Helme was echoing comments he had already made on ERR's Russian-language TV channel, ETV+.
"Visitors from Ukraine are not our people. They are economic migrants who want to get better conditions in Estonia and higher earnings than is possible in Ukraine. For Estonia, these people are a problem; they take jobs from local residents and are willing to work for less. Thus, they create pressure on local earnings in general," Helme said, speaking on ETV+ current affairs show Svoya pravda on Tuesday.
Helme said that he would be putting the relevant legislation before the Riigikogu in Autumn.
"We need to be able to choose for ourselves and control the numbers we allow here, under what conditions, and for how long. This is definitely a focus that cannot be overlooked," he added.
The issue has not been discussed at governmental level, however, according to education minister Mailis Reps (Centre), speaking to ERR.
A March 2019 study by the European Migration Network revealed that in 2017, 659,000 Ukrainian citizens were granted residence permits in EU countries, while 33,000 thousand Ukrainians were found illegally staying in EU countries. The majority have moved to Poland.
In the same year, 10,000 Ukrainians applied for asylum in EU countries, fewer than from Georgia (11,000) or Albania (24,000).
In 2017, 13,000 Ukrainians were found to be working illegally in the EU, accounting for about two-thirds of illegally employed citizens from among non-EU eastern European countries, the report said.
The same study also notes that Estonia, together with Belgium, Luxembourg, Poland and Slovakia, have recognized the positive impact of visa liberalization on their tourism sectors, particularly regarding tourists from Ukraine.

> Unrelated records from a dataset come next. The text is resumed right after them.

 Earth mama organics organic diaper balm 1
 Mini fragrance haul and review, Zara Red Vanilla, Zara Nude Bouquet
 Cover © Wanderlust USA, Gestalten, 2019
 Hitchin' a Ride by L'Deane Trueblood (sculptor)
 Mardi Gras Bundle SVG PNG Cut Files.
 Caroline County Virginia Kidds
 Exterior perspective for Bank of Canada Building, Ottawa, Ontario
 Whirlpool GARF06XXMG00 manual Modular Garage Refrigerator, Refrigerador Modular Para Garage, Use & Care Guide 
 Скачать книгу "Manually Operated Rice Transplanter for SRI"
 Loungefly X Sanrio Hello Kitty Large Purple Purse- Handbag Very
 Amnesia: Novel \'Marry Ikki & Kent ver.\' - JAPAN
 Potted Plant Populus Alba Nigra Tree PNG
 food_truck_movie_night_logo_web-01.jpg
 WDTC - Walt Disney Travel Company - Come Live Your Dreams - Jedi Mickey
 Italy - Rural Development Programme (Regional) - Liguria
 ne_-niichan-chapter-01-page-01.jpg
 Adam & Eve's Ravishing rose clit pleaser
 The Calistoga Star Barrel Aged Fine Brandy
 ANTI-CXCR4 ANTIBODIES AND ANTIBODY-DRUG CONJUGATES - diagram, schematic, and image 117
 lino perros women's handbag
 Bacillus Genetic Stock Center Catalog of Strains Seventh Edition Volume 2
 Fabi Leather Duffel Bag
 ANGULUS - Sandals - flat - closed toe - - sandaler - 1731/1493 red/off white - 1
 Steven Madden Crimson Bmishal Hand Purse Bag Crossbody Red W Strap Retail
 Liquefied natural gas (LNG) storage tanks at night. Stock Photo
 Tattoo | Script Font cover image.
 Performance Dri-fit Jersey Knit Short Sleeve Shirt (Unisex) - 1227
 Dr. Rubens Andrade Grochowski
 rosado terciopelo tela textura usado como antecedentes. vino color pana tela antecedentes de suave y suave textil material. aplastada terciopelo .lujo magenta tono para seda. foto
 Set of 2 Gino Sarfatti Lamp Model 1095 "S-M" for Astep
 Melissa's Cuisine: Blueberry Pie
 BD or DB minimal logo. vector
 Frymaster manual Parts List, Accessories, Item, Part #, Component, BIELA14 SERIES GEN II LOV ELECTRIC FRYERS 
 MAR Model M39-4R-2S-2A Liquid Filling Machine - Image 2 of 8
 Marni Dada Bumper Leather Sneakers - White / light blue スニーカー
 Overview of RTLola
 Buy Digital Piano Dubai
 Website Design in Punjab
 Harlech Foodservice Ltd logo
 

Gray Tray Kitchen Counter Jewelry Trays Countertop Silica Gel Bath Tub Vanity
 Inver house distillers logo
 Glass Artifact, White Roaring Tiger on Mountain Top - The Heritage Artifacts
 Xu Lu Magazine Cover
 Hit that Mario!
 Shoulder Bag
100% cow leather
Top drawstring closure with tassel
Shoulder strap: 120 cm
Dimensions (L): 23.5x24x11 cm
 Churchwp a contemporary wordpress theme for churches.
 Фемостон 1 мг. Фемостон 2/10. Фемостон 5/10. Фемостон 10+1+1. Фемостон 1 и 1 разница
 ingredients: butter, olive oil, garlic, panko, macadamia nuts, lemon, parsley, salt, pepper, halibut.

According to the Ministry of the Interior, 15,524 short-term employment and temporary residence permits were granted to Ukrainian citizens temporarily staying in Estonia, with or without a visa, in 2018, and 2,565 were granted residence permits.
According to the statistics on refusal of entry, 106 citizens were subject to refusal of access from Ukraine in 2018, with 210 refusals of entry from that country on the books at present.